Il governo centrale chiede la restituzione di 34 milioni di euro di aiuti per le compensazioni di CO2 di Alcoa. Lo ha fatto in seguito alla sentenza dell’Alta Corte di Giustizia della Galizia (TSXG) che ha annullato il piano di regolamentazione dell’occupazione (ERE) che l’azienda aveva presentato per 524 lavoratori. La decisione è stata confermata dalla Corte Suprema. Il licenziamento collettivo ha violato un requisito di questi sussidi, che era quello di mantenere l’occupazione per tre anni.

Il conflitto è iniziato un anno e mezzo fa, quando Alcoa ha annunciato l’intenzione di chiudere lo stabilimento di alluminio primario e di licenziare la forza lavoro. Un periodo di trattative per vendere a Liberty House è stato aperto in agosto e settembre dell’anno scorso, ma non si è concretizzato. Nel gennaio 2021, dopo la cancellazione dell’ERE, la società ha accettato di sedersi di nuovo per negoziare una possibile vendita, ma nessun accordo è stato raggiunto finora. In assenza di progressi, i lavoratori hanno ripreso le azioni di sciopero e le proteste lo scorso settembre.

Precisamente, il ministro dell’industria, Reyes Maroto, ha accusato Alcoa di essere “il problema” per cancellare il futuro della fabbrica di alluminio primario che ha nella regione di A Mariña, nella provincia di Lugo. Il ministero ha dato all’impresa fino alla fine di dicembre per dare una risposta e cercare di porre fine a un conflitto che si trascina da un anno e mezzo e che minaccia più di mezzo migliaio di posti di lavoro diretti.

Secondo un comunicato dell’azienda, il licenziamento collettivo è stato proposto a causa della situazione insostenibile dell’impianto di alluminio di San Ciprián, che ha generato perdite di circa 160 milioni di euro negli ultimi tre anni (2018-2020) a causa della mancanza di un quadro energetico competitivo in Spagna. “Questo problema persiste ed è notevolmente peggiorato negli ultimi mesi, con un prezzo dell’energia previsto nel quarto trimestre del 2021 per l’impianto di alluminio superiore a 170 €/MWh, che conferma ulteriormente l’impraticabilità dell’impianto nelle circostanze attuali”, aggiungono.

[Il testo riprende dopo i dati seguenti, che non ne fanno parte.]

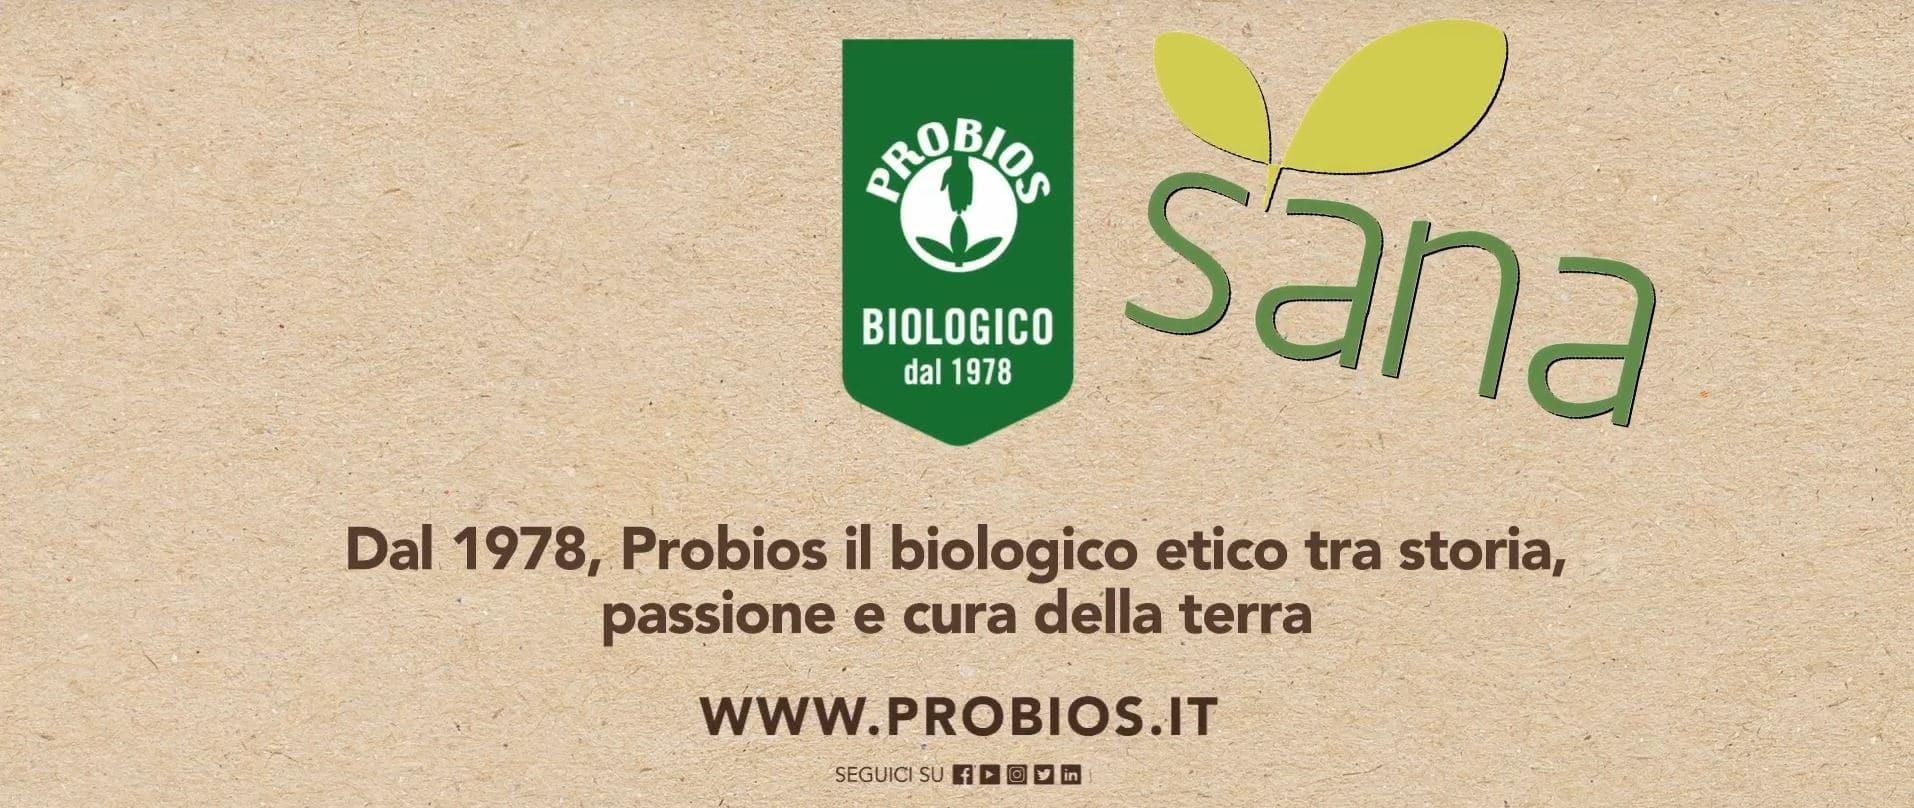 Il gusto autentico del biologico Probios in mostra a SANA 2019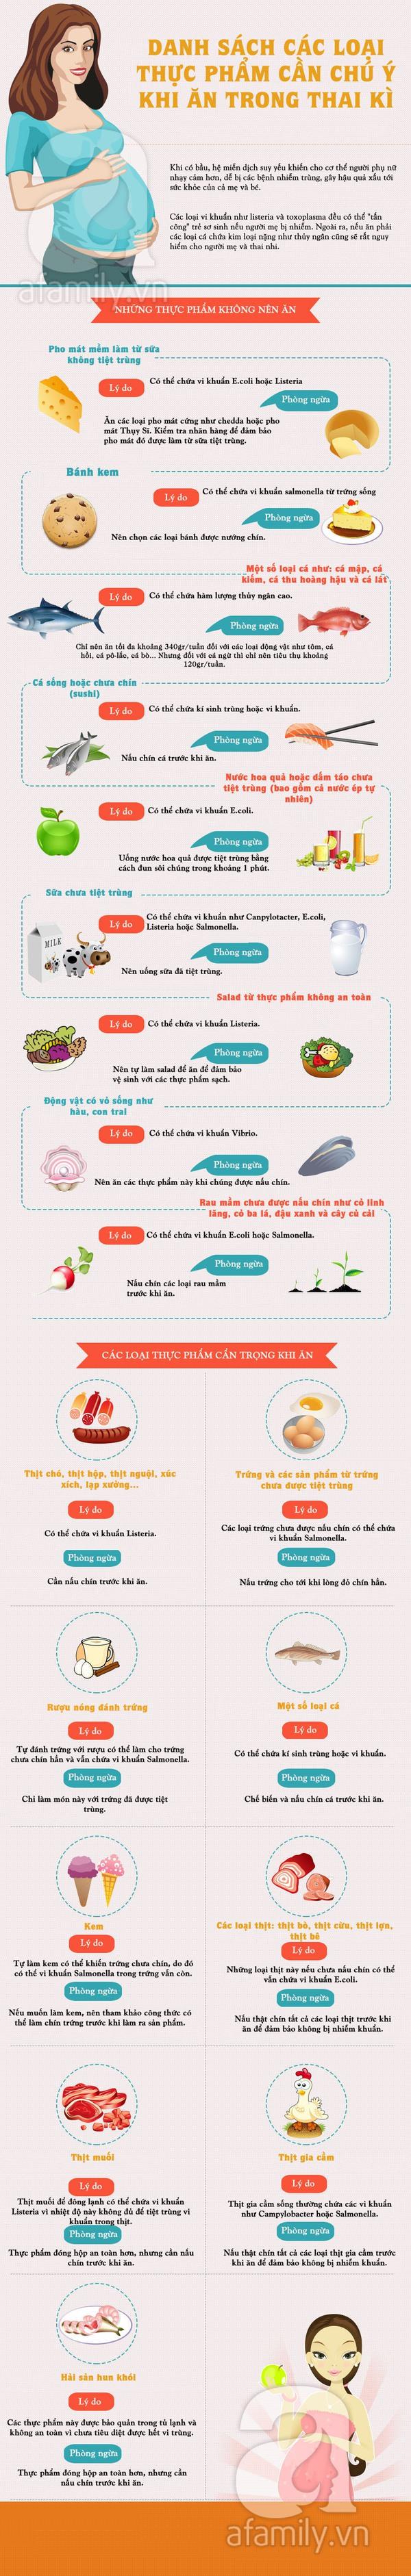 Danh sách thực phẩm nguy hiểm cho mẹ bầu và thai nhi 1

Nonostante la difficile situazione, Alcoa sostiene che non ha mai proposto di chiudere l’impianto e ha offerto numerose alternative ragionevoli, come un ERTE e il mantenimento delle vasche di elettrolisi in condizioni di riavvio, una vendita a SEPI per un successivo trasferimento a terzi, o la possibilità di una vendita diretta a terzi se l’impianto ottiene prima l’accesso a un quadro energetico competitivo.

Tuttavia, la sentenza della Corte Suprema non modifica la situazione non redditizia dell’impianto di alluminio, che persiste e si è aggravata negli ultimi mesi a causa della mancanza di un quadro energetico competitivo.